### WHAT IS NEEDED
Give the data again exactly, without images.

### RAW DATA
################

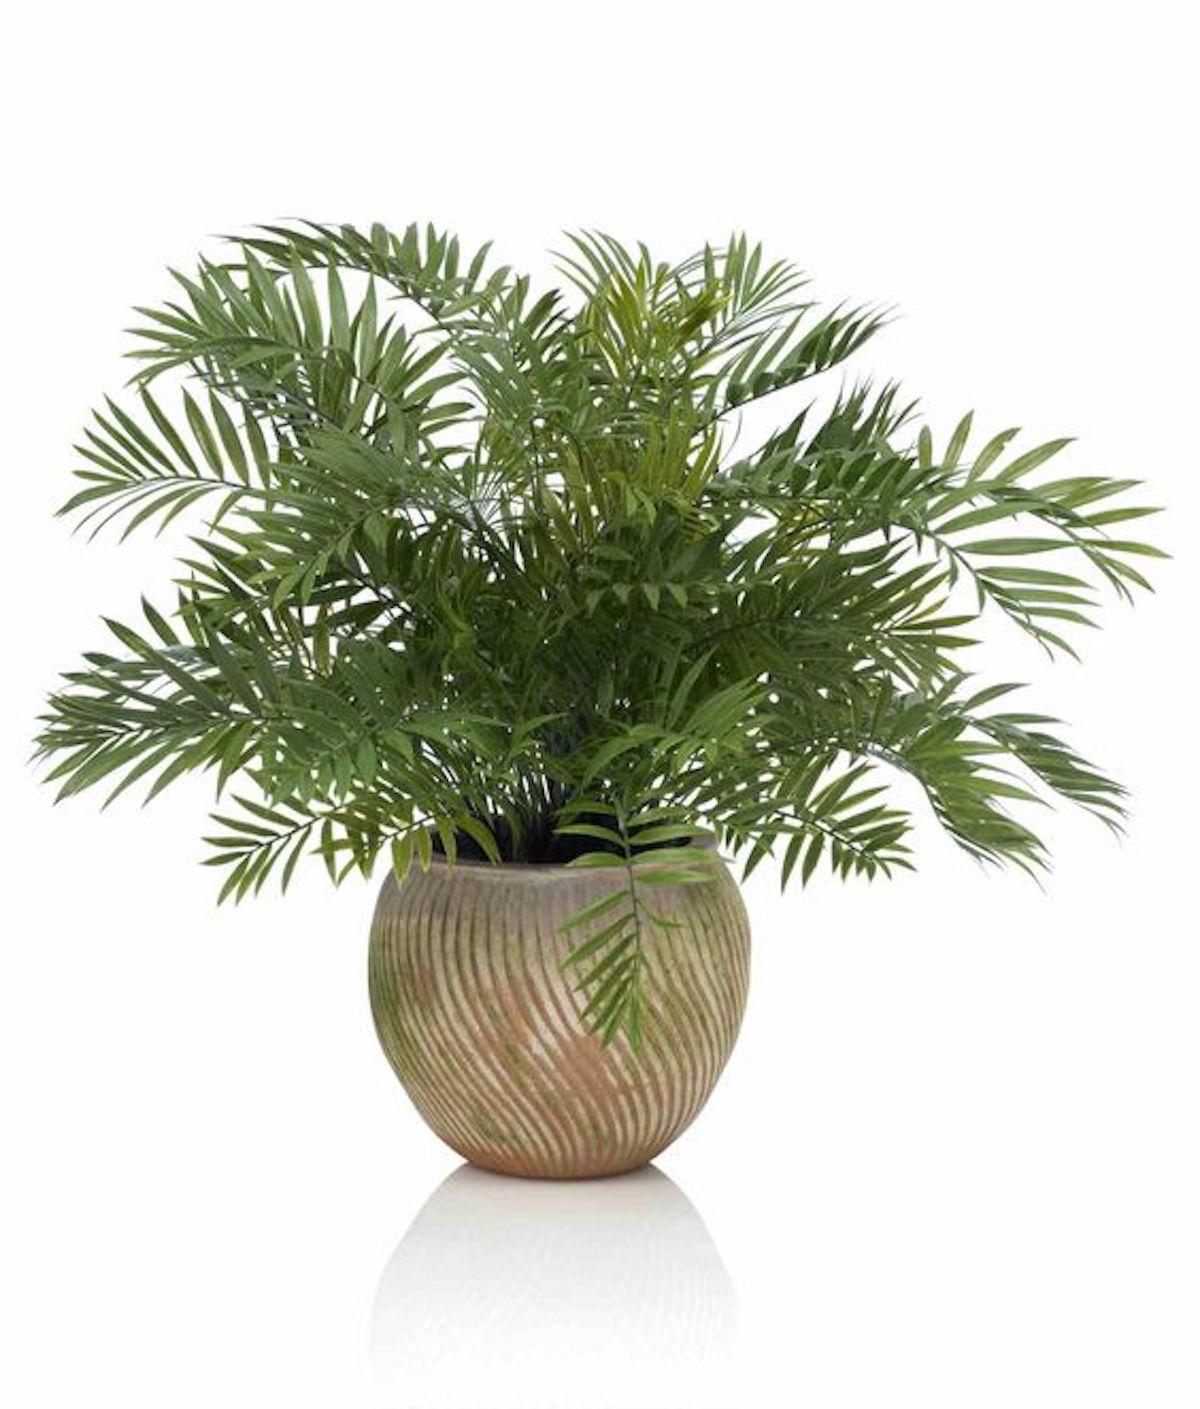 sobne rastline gardenia cvetlicarna beautyfull blog areca palm
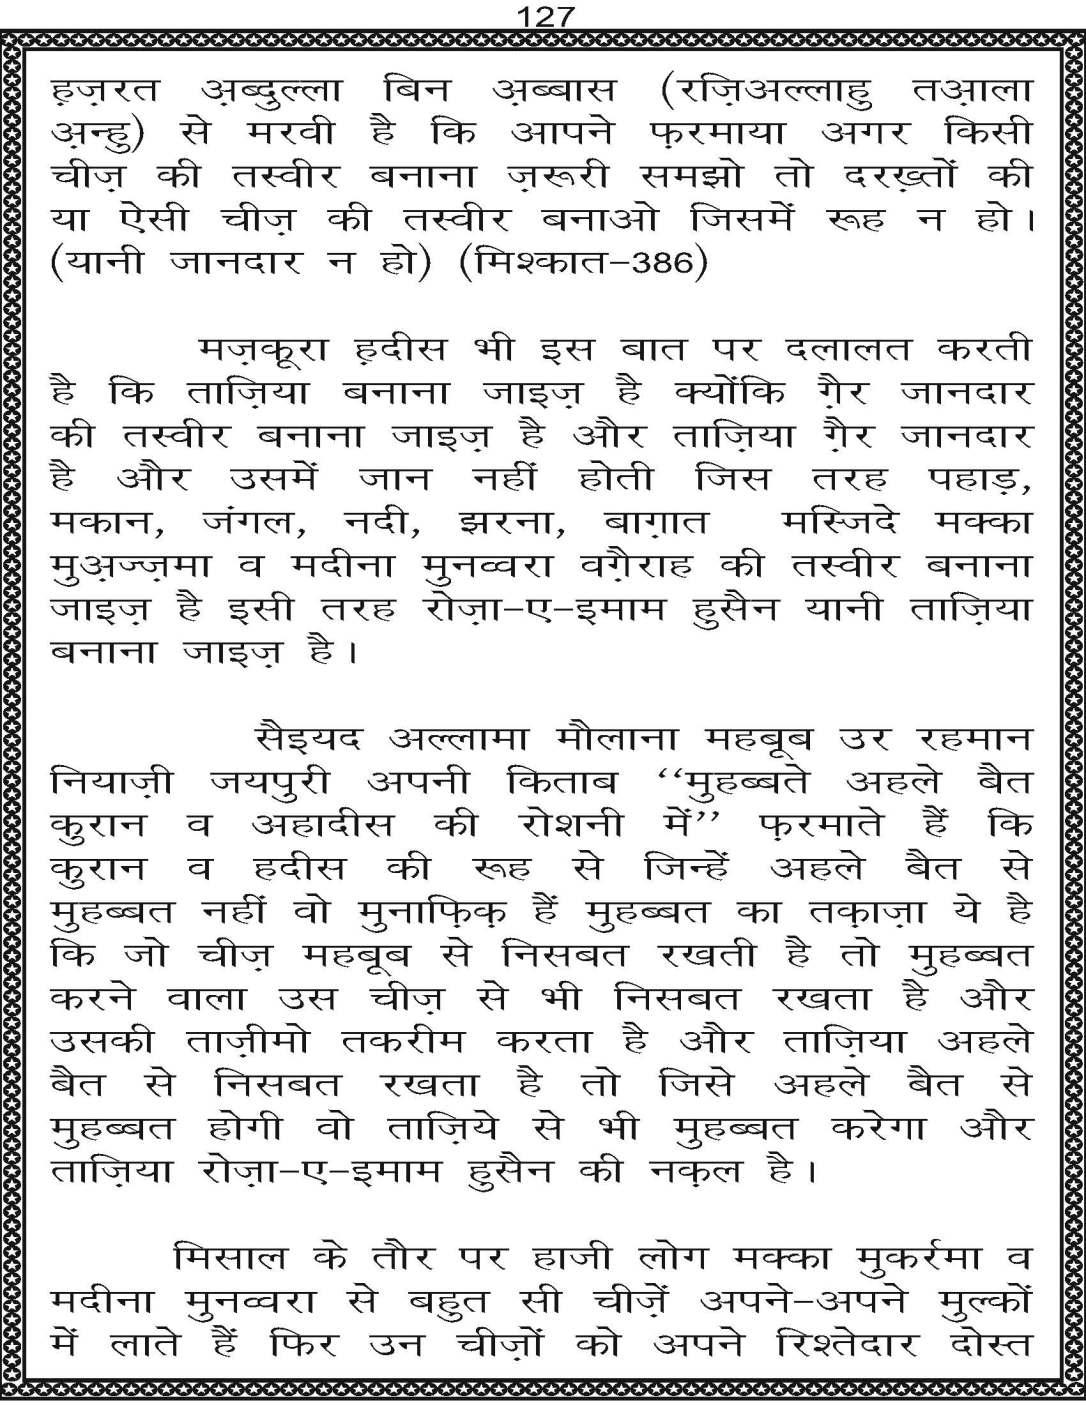 AzmateTaziyadari_Page_127
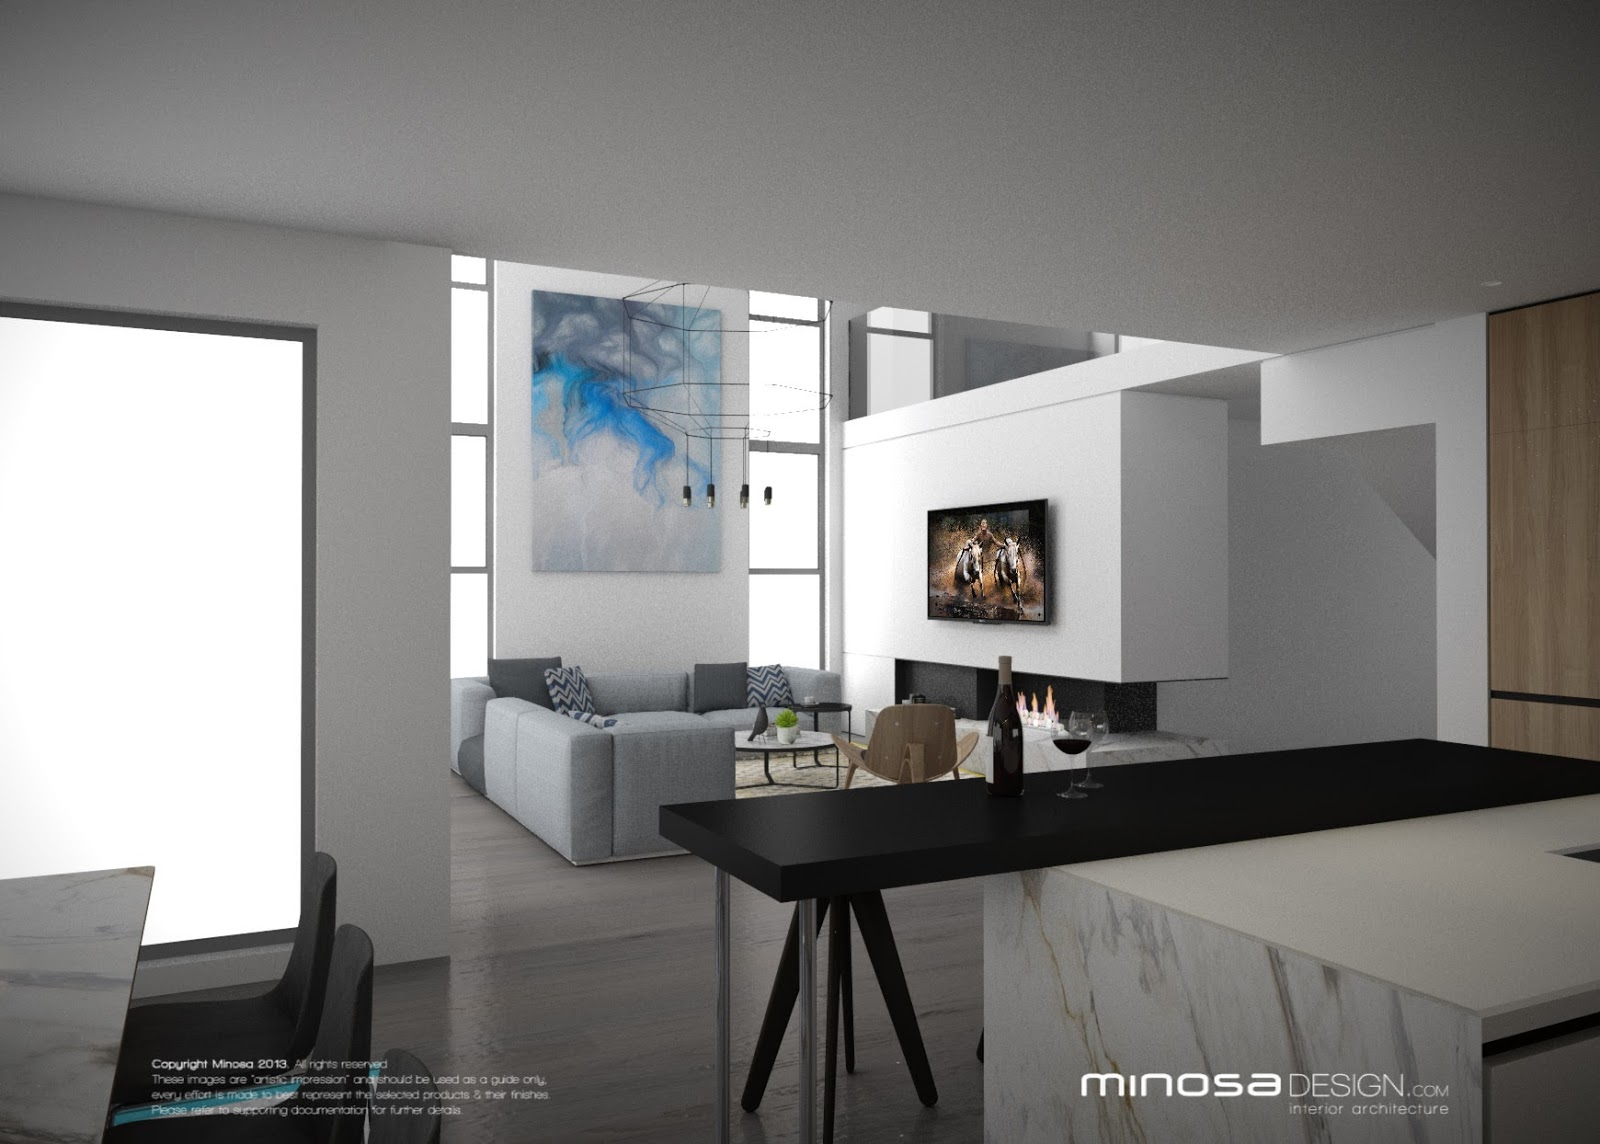 Living Room And Kitchen Design Minosa Design The Modern Living Room Kitchen Lounge Dine
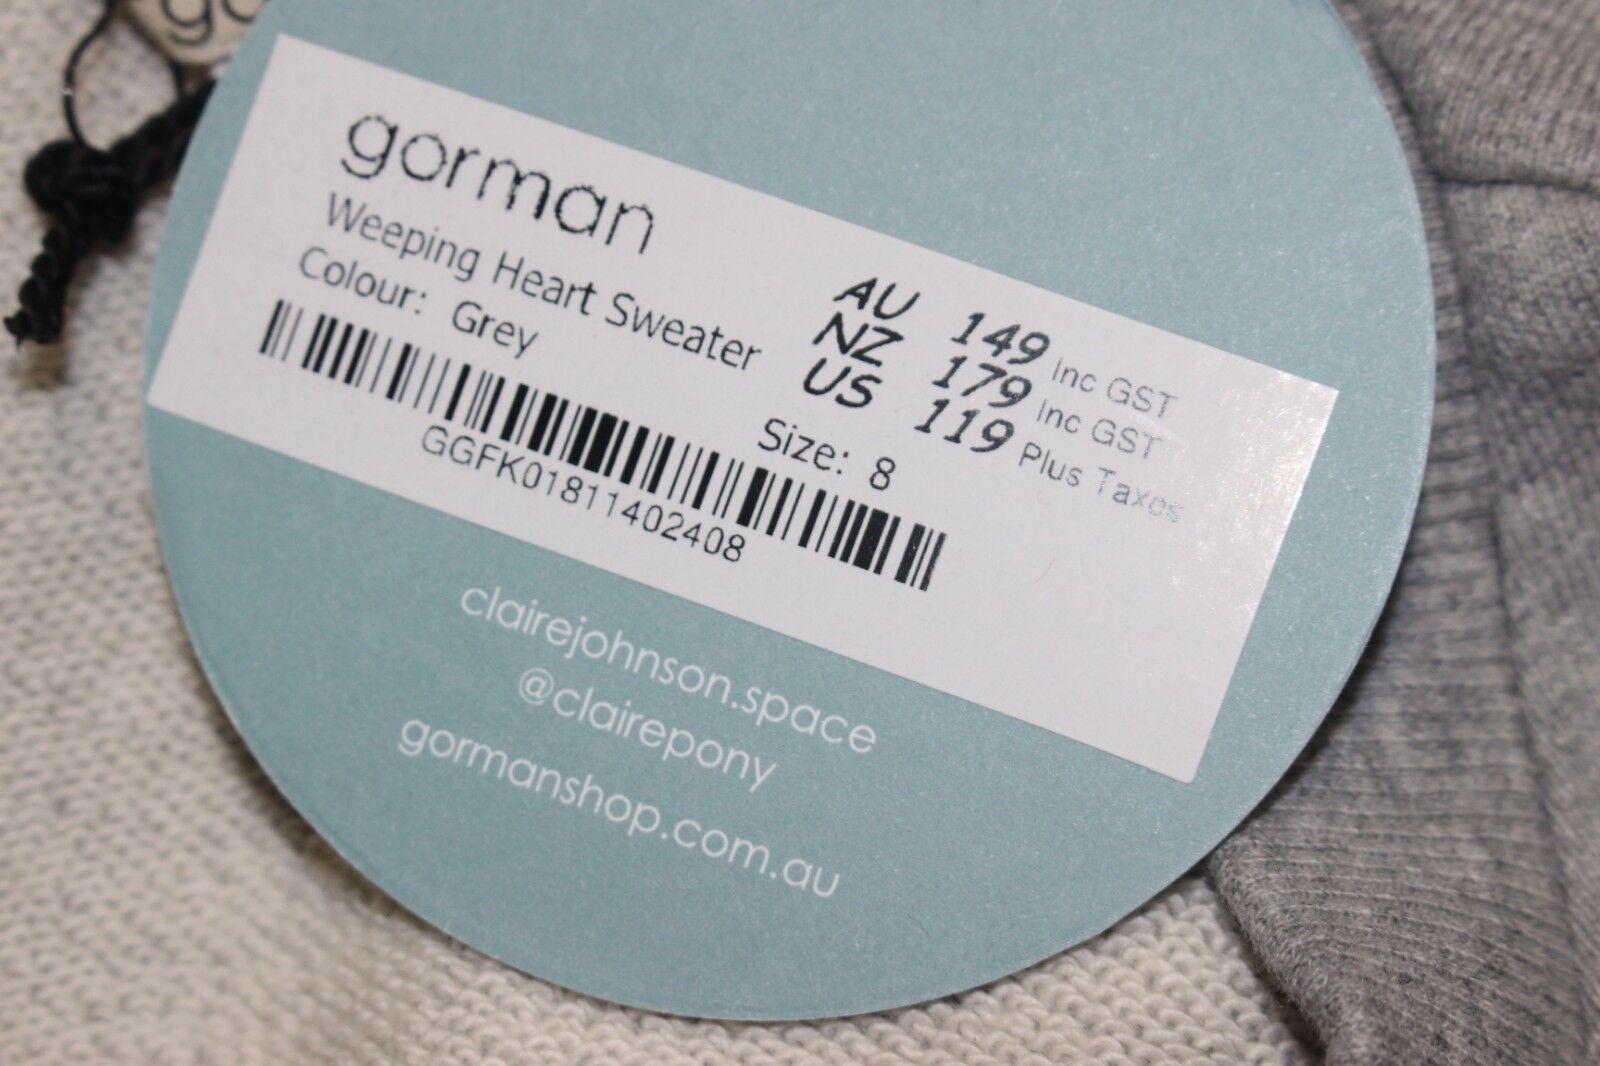 GORMAN GORMAN GORMAN CLAIRE JOHNSON WEEPING HEART SWEATER SWEATSHIRT US SIZE 4 GREY   149.00 604cad

################

### ANSWER BOX
 sobne rastline gardenia cvetlicarna beautyfull blog areca palm
 AzmateTaziyadari_Page_127
 Living Room And Kitchen Design Minosa Design The Modern Living Room Kitchen Lounge Dine
 GORMAN GORMAN GORMAN CLAIRE JOHNSON WEEPING HEART SWEATER SWEATSHIRT US SIZE 4 GREY   149.00 604cad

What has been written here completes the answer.